Even once Apollo 13 was on a course back to Earth, the mission was far from routine. In the hours before splashdown, the crew had to move back into Odyssey, the ship’s command module, and turn on computers that had been covered in icy condensation for days. When the systems powered back up without shorting out, the men jettisoned their lander lifeboat and prepared for re-entry.
Then there was the question of the heat shield: Mission Control couldn’t be sure what shape it was in after the explosion, leaving the possibility of a tragic disintegration during the final leg of Apollo 13’s journey.
On April 17, as Earth’s gravity dragged the crew down into the atmosphere, they treated it as a normal landing. After a communication blackout that lasted a chilling minute and a half longer than expected, they splashed down safely in the Indian Ocean.
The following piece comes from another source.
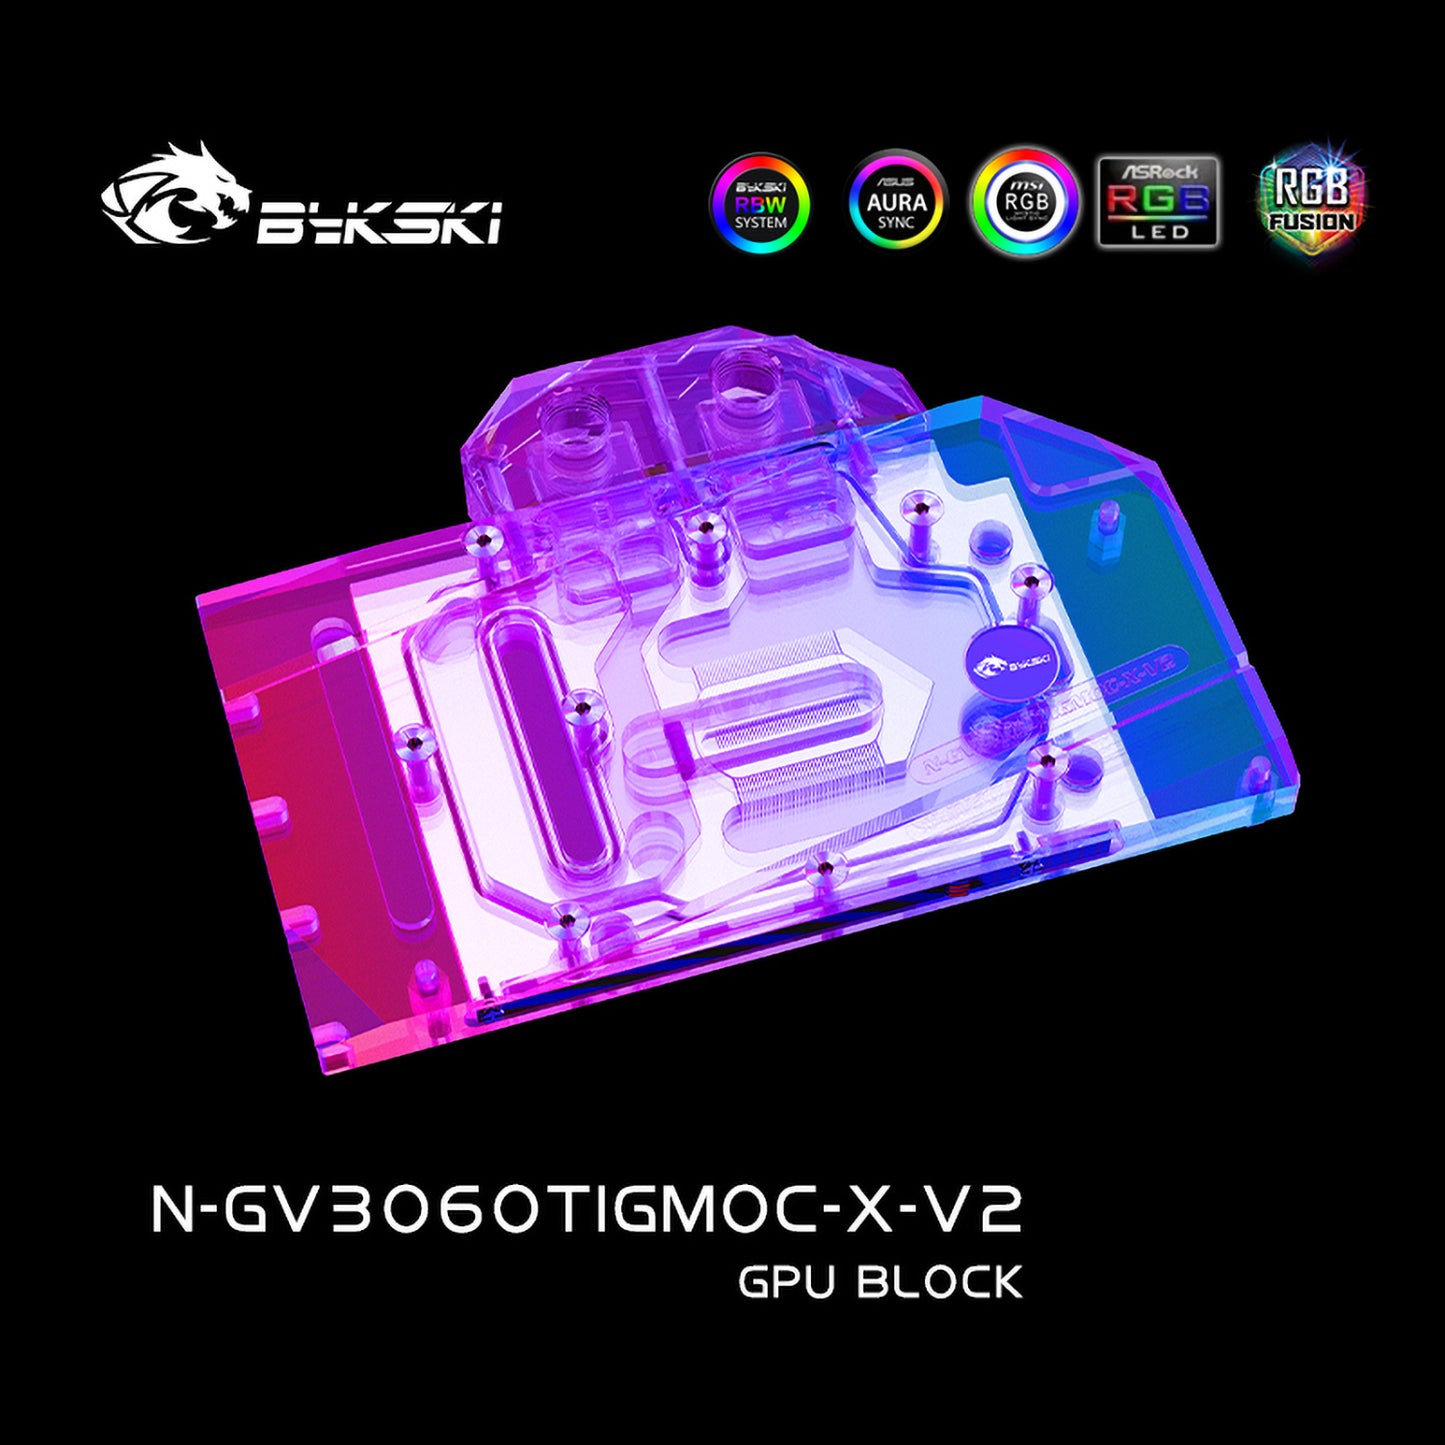 Bykski GPU Water Cooling Block For Gigabyte RTX 3060TI/3060/3050 Gaming / Eagle / Vision, GPU Cooler Liquid Cooling, N-GV3060TIGMOC-X-V2

The crew shook hands in silence and waited for their rescue crew to arrive, filling the frigid capsule with balmy South Pacific air.
Soon after, President Richard M. Nixon flew to Hickam Air Force Base, Hawaii, and conferred on the astronauts the Presidential Medal of Freedom, the nation’s highest civilian honour.
Apollo 13 may have become a saga of mythological proportions in the American consciousness, but it never held that quality for Lovell, who was simply grateful to have made it home. “We do not realise what we have on Earth until we leave it,” he said soon after landing.
James Arthur Lovell Jr. was born in Cleveland on March 25, 1928, and spent most of his youth in Milwaukee. He was an only child, raised by his mother after his father died in a car crash in 1933.
A precocious science student, he was 16 when he built his first rocket – a cardboard tube loaded with gunpowder and model airplane glue for fuel. It flew 80 feet in the air.
After initially being rejected by the US Naval Academy at Annapolis, he attended the University of Wisconsin for two years. He then applied again to the service school at his mother’s urging and was accepted. In 1952, three hours after his graduation, he married his high school sweetheart, Marilyn Gerlach. They had four children.
His wife died in 2023. Information on survivors was not immediately available.
The Soviet Union’s launch of the Sputnik satellite in 1957 prompted the space race and the creation of Nasa. Lovell, who had logged thousands of flight hours as a naval pilot and served as a flight instructor and safety officer, was passed over during his first attempt to join the programme. Nasa issued another call for prospective astronauts in 1962, and Lovell was one of nine selected.
In 1965, he flew a two-week mission on the Gemini 7 spacecraft as a test of survival in zero-gravity for an extended period. He retired from Nasa and the Navy in 1973, at the rank of captain, following a brief stint as deputy director of the Johnson Space Center in Houston.
He told friends that returning to family life put his orbital exploits into perspective: when he got home, he still had a mortgage to pay and kids to put through college. He spent years in the telecommunications industry, retiring as executive vice president of Centel Corp. in 1991. For many years, he also ran a restaurant near Chicago.
Lovell’s legacy in the public’s mind may have been defined by his actions aboard Apollo 13, but he frequently said that he considered Apollo 8, where he helped pilot the first crewed mission to orbit the moon, to be the highlight of his Nasa career.
Apollo 8 was originally envisioned as an orbital trip around the Earth, but rumours that Soviets were preparing for a moon orbit prompted Nasa to retool the mission. With the derring-do of a test pilot, Lovell steered a spacecraft meant to circle the Earth across the dark side of the moon.
In a decisive moment, he helped spot a scene that would become the iconic photograph known as “Earthrise”, documenting the moment they became the first humans to see Earth peek into view over the moon’s barren surface.